В городе был драматический театр, в котором играл отец. И Максима водили на его спектакли. В содержание пьес он тогда еще не очень вникал, и от этого театра в памяти осталось другое — красные плюшевые кресла и маленький белоголовый старичок, который перед началом спектакля забирался по узкой лестничке в кабинку сбоку у сцены, увешанную фонарями и фонариками. Красные кресла громко скрипели, белоголовый старичок колдовал в своей будке, и от этого его колдовства на сцене то сыпался снег, то опускалась ночь и зажигались звезды, то гремел гром и метались всполохи. А за кулисами, куда Максима привел в антракте отец, в нос ему попала пыль, и он так расчихался, что в зрительный зал его больше не повели.

В шахтерском городе у них была комната в доме, где жило много актеров. Он так и назывался, этот дом, — актерское общежитие. В общежитии все громко разговаривали, ходили друг к другу в гости, пели песни, о чем-то спорили в длинном коридоре и на лестнице, уезжали и приезжали.

Максим ходил в четвертый класс, когда его родители собрали вещи и тоже переехали.

Новый город был большой и шумный, с трамваями и троллейбусами, со стеклянными будками на перекрестках, в которых сидели милиционеры, с широкой рекой, по которой плавали теплоходы. В городе было три театра. Отец работал сперва в одном, потом в другом, потом в третьем.

Жили они у дальней родственницы отца, Эмилии Федоровны. Когда-то, до того как выйти на пенсию, Эмилия Федоровна работала в театре, как она говорила, «по части антуража». Дом был старый и большой, с солидной, тоже старой, мебелью, со старыми, пожелтевшими фотографиями актеров. У каждого актера была «своя история», которую хозяйка дома помнила в мельчайших подробностях и всегда готова была рассказывать; на каждом актере были парик, усы или борода, изготовленные и приклеенные руками Эмилии Федоровны, и она очень этим гордилась.
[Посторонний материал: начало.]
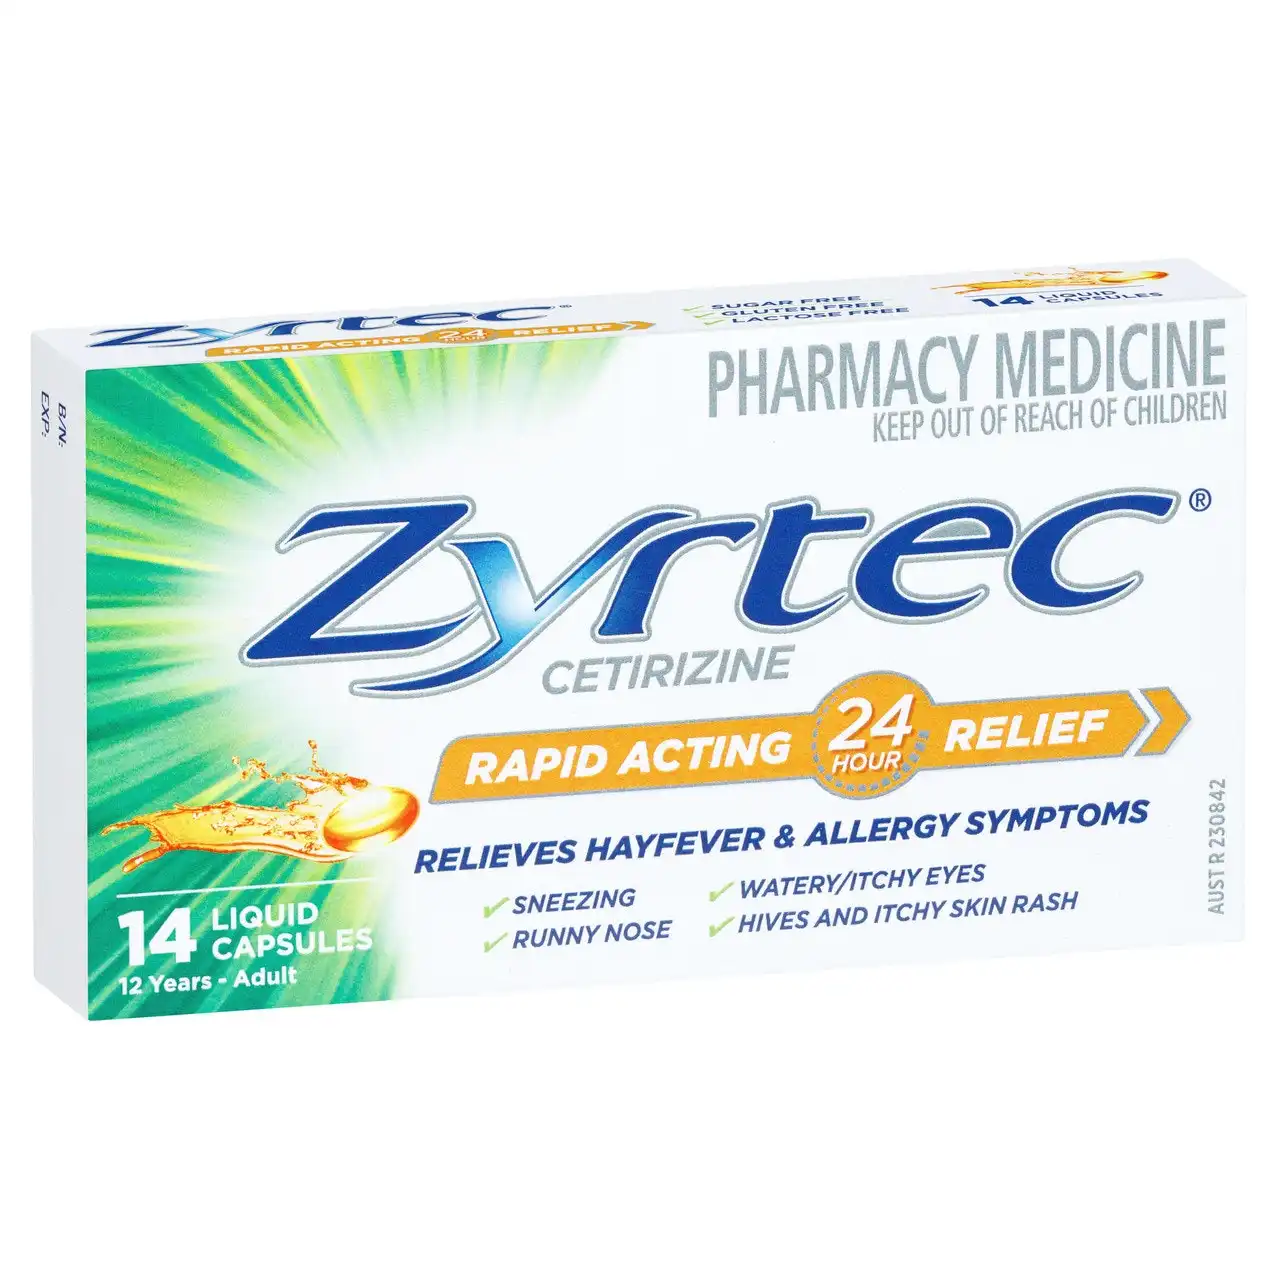 Zyrtec Rapid Acting Hayfever & Allergy Relief Antihistamine Liquid Capsules 14 Pack

Иногда к Эмилии Федоровне приходил старый друг покойного ее мужа, бывшего театрального художника, актер на пенсии Пал Палыч — высокий, седой и очень в себе уверенный старик. Пал Палыч целовал Эмилии Федоровне руку и задавал Максиму всегда один и тот же вопрос: «Утверждаетесь, юноша? — и, не дожидаясь ответа, поднимал указательный палец вверх: — Помнить до́лжно: главное в жизни — утвердить себя, ибо ты есть личность!»

Провозгласив это, Пал Палыч брал отца под локоть и уводил в «залу», где Эмилия Федоровна осторожно позвякивала чашками и чайными ложечками, и там у них начинались длинные разговоры.

И дед, и прадед Максима когда-то тоже работали в театре — один осветителем, другой суфлером. И хотя актером из всех Ланских был только отец, тем не менее их род считался театральной династией. А раз так, то пришло время и Ланскому-младшему продолжить традицию. Началось со студии при театре юного зрителя, куда Максима привел однажды отец. В студию Максим ходил около года, но тут они опять переехали. Случилось это в декабре прошлого года.

В новом городе не было ни терриконов, ни троллейбусов, ни стеклянных будок с милиционерами на перекрестках. Театра не было тоже, и отец устроился в местный Дом культуры режиссером и руководителем драматической студии, которую ему к тому же предстояло создать самому. Он ее создал и поставил первый спектакль. Кажется, он был доволен.

А вот Максиму не повезло. И опять у него неприятности, Начнется теперь. Из школы, конечно, не исключат, но к директору потащат, воспитывать будут, примеры разные приводить… Родителей, само собой, вызовут. Отец взвинтится. С ним, главное, в спор не вступать: выскажется — и остынет. С матерью хуже: будет вздыхать и плакать украдкой от отца и смотреть на него, Максима, печальными глазами.

Эх, и надоело же все: и уроки, и одноклассники, и отцовские выговоры! Махнуть бы куда-нибудь подальше, в кругосветное плавание, например. А через годик заявиться а класс: черная тужурка, на рукавах золотые нашивки, фуражечка с «крабом»… То-то ахнули бы. Дрозд свои хохмочки вместе с языком бы проглотил. У Зинки глаза бы распахнулись, и о Воротникове своем вмиг бы позабыла. А ему что — смотрите на здоровье. Кинул бы руку к фуражке: «Извините, Евгения Дмитриевна, не узнаёте? Штурман Ланской! Завтра уходим на Канары, зашел попрощаться».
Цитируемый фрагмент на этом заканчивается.